__What the exercise asks__
The lines below, from the one holding "EXSIM - The Edge Malaysia 20 Jan 2020" through the final line, are to be copied exactly, with no other lines and no pictures.

__Given information__
-- Opening Marker --
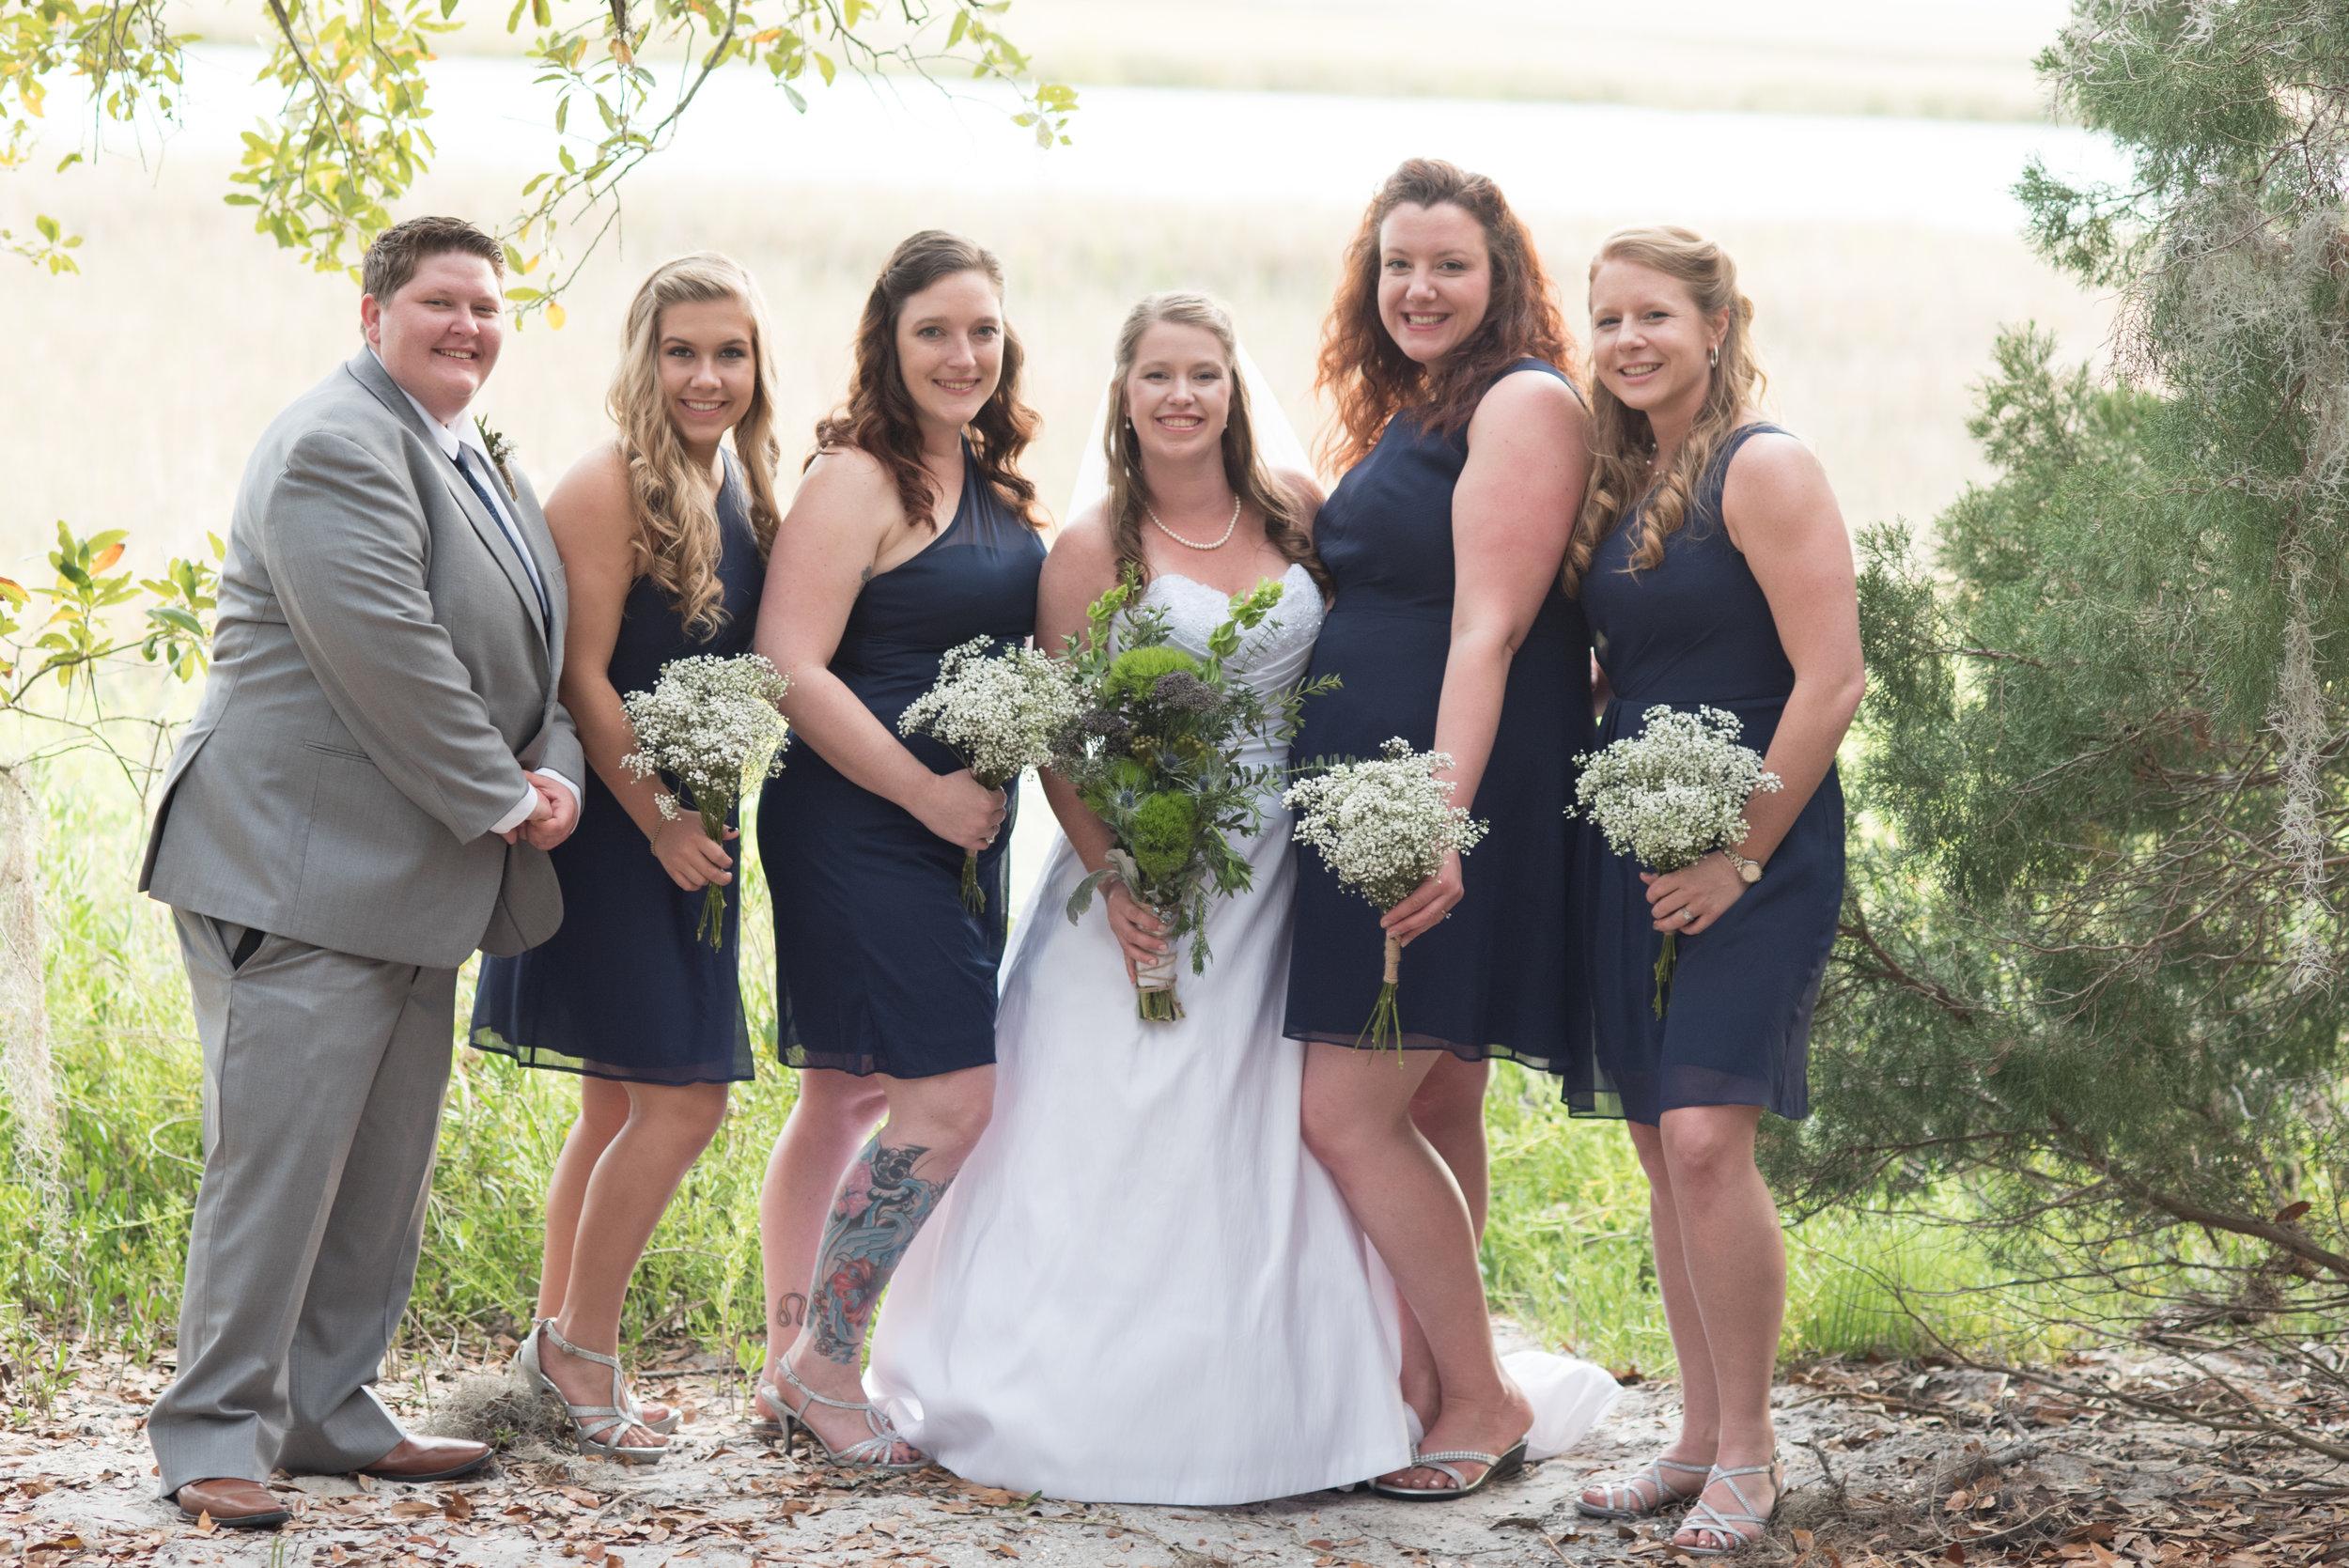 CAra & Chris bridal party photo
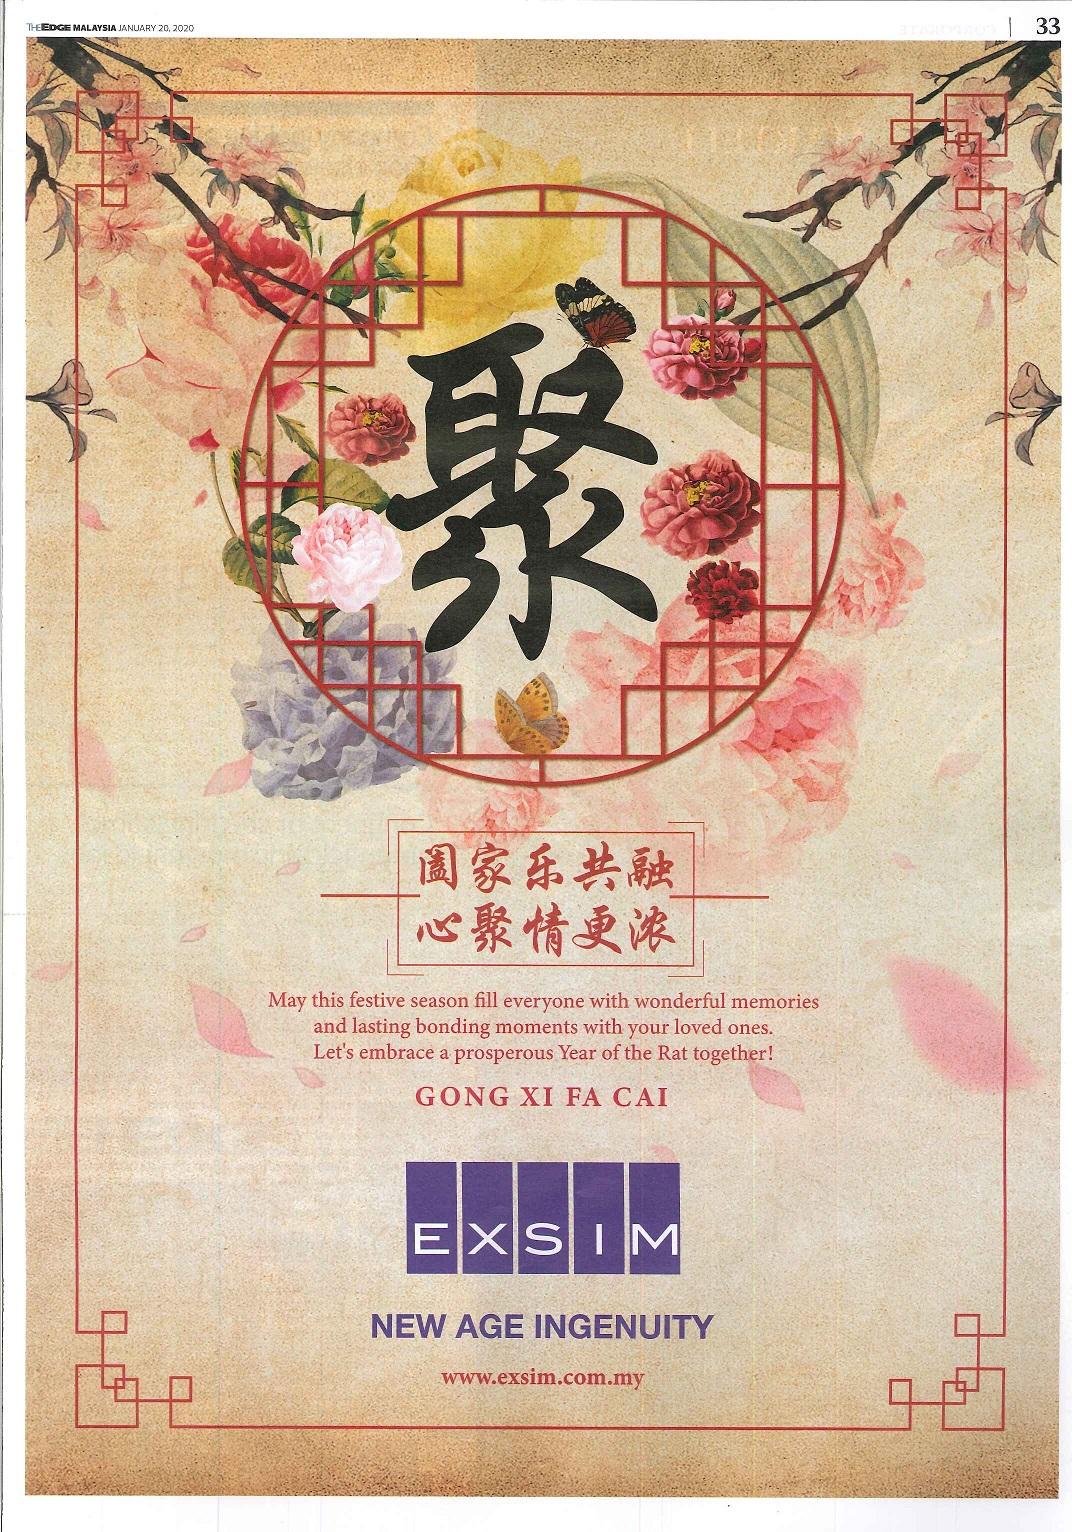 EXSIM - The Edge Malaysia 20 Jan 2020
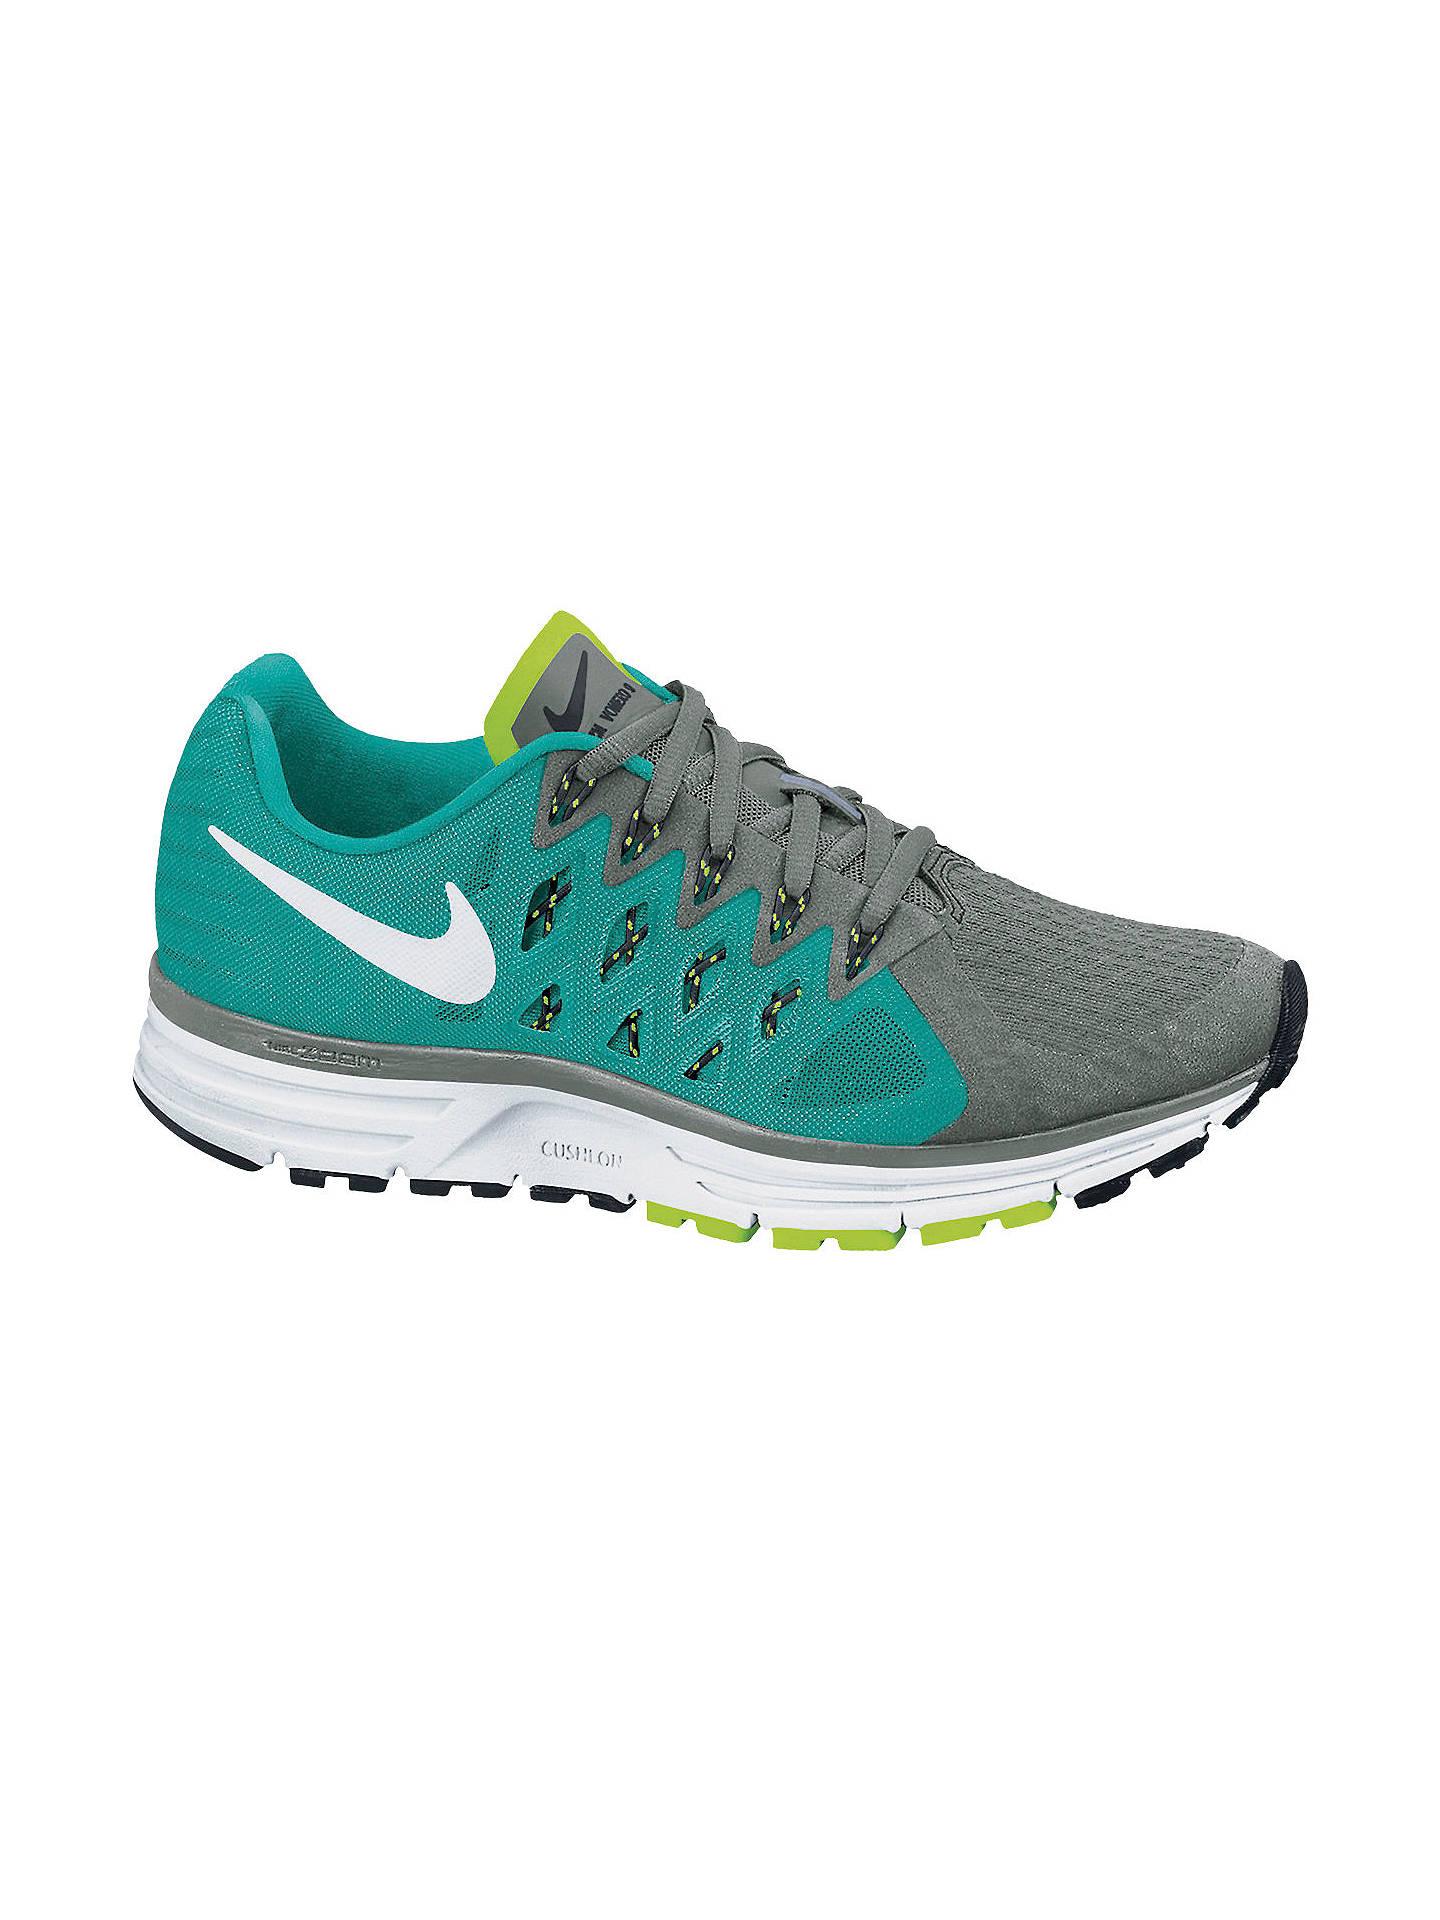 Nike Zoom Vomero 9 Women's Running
-- Closing Marker --
__Your response__
 EXSIM - The Edge Malaysia 20 Jan 2020
 Nike Zoom Vomero 9 Women's Running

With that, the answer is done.